The little man’s smile was coy. ‘No, that’s not it.’

‘Well, I know he’s alive in the last book, so he can’t possibly die of – ’ Charles leaned back in his chair and smiled, for he had just exposed himself as another victim of Jake Swain. ‘Touche.’

And now – a turnabout.

He spread the books over the table for all to see, then studied the lurid covers of smoke and guns and rearing horses, much to the discomfort of Anthony Herman. ‘I know someone who thought the world of these novels. She read them over and over. Now that you’ve had a chance to evaluate the lot of them – any helpful insight?’

‘Well, no.’ Herman seemed honestly mystified. ‘The only reason for reading any of them is to find out what happens next. I assure you there’s no reason to read them more than once.’

‘There has to be more to it than that.’ Charles gathered the westerns into a stack, then looked up at the book detective. ‘So what’s it all about?’

‘Ultimately,’ said Herman, ‘it’s about the redemption of the Wichita Kid.’

Riker had finished his first drink by the time he came to the end of the written interview. The detail was fanatical, right down to Alan Parris’s dirty toenails. ‘And all this conversation – this is word for word?’

‘I take shorthand.’ Deluthe sipped his beer, then tried to make his voice sound casual when he asked, ‘So what’re my chances for getting a permanent assignment to Special Crimes Unit?’

‘Today? Slim and none. You got no experience, kid.’ Only a handful of detectives were ever promoted to first-grade, and ten of them were in Special Crimes Unit. ‘We don’t take whiteshields. And you’re what – twenty-five, twenty-six? Most of the guys are in their thirties and forties. We only got one cop your age.’

‘And coincidentally Mallory is the daughter of the former commander of – ’

‘You’re out of line, Deluthe. She grew up in Special Crimes Unit. When she was still in grammar school, she logged more time on the job than you’ve got.’

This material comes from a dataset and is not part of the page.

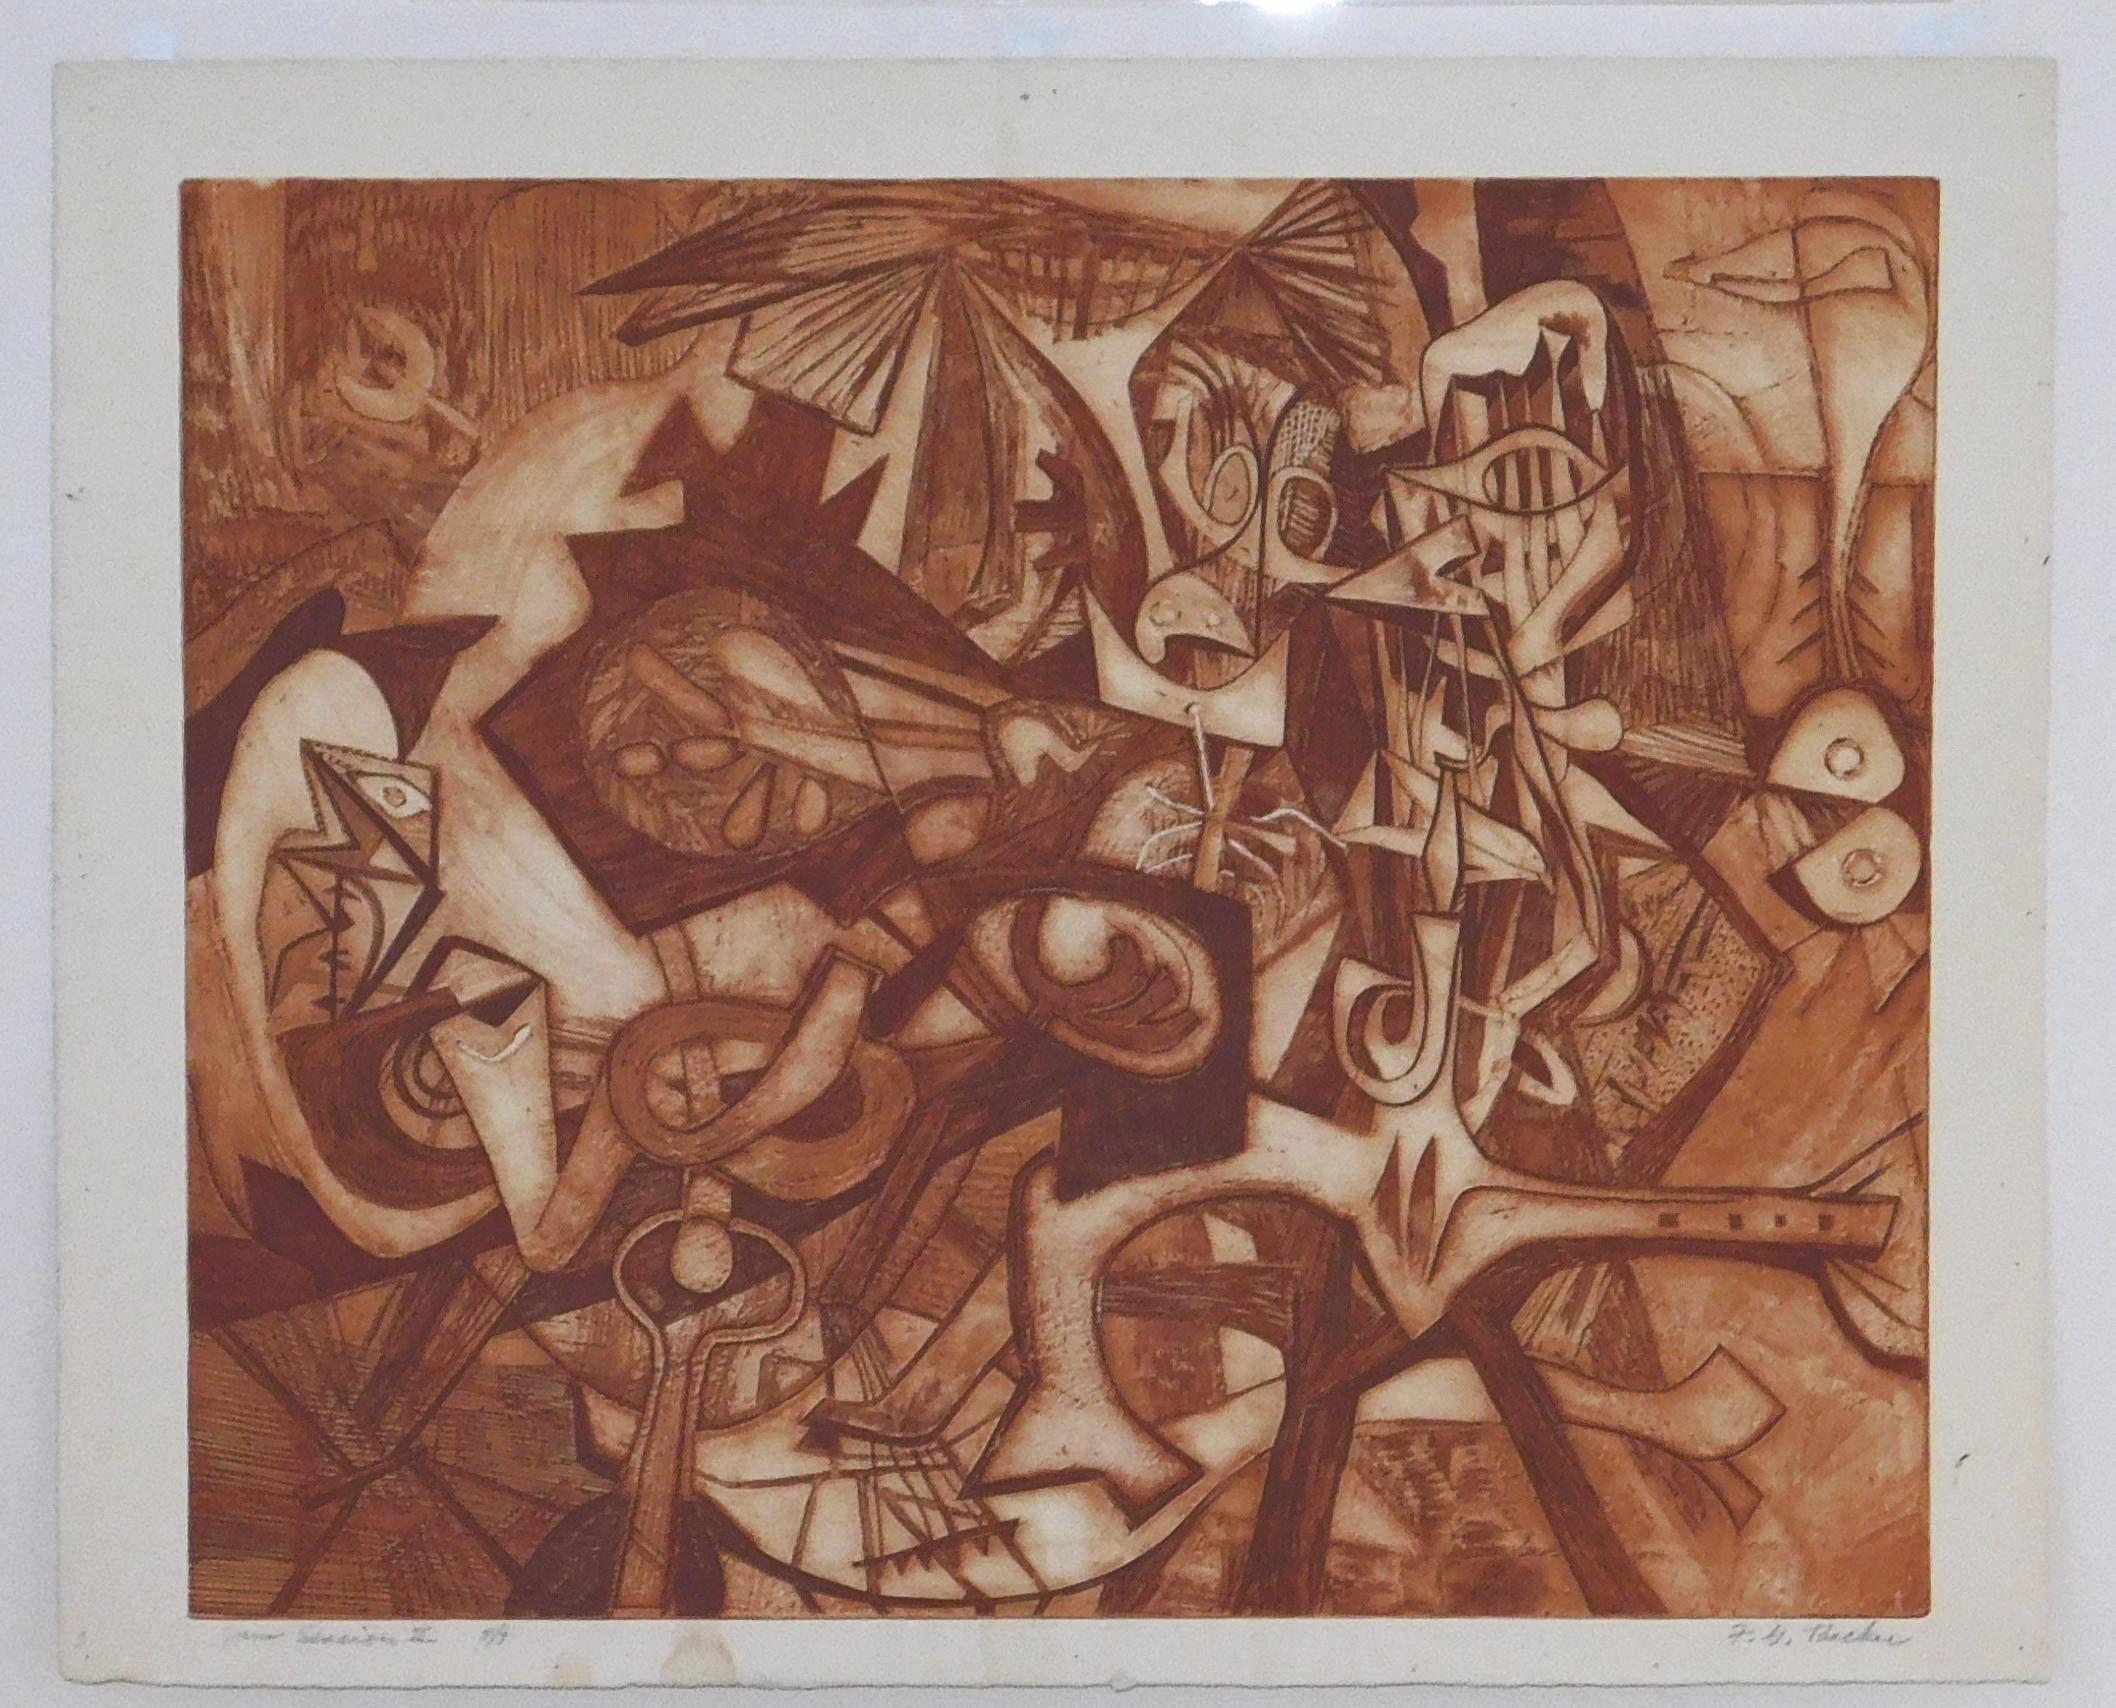 Wunderschöne abstrakte Original-Radierung in Sepiatusche von Frederick Becker (1913-2004).
Das Bild misst 19 3/4

‘He’s right.’ Their bartender had been introduced to Deluthe as Riker’s former partner from younger days. Peg Baily leaned into the conversation to replace Riker’s empty glass with a fresh bourbon and water. ‘That kid was our only technical support. In those days, we had crappy secondhand computers. Didn’t work half the time. The kid got the whole system up and running when she was thirteen years old.’ Peg set down a beer for Deluthe. ‘But you’re wondering how Mallory got the rank of detective first-grade. She chased down the perp who murdered her old man. Highest-priority case in New York City. That’s getting ahead the hard way.’

Peg Baily wandered down the bar to fill another glass, and Riker completed the trainee’s education, giving equal weight to every word, ‘Nobody ever questioned Mallory’s right to a place in Special Crimes.’ As he leaned toward the younger man, his face relaxed into a smile. ‘Now, as the son-in-law of a deputy commissioner, you’ve got a lot more to overcome.’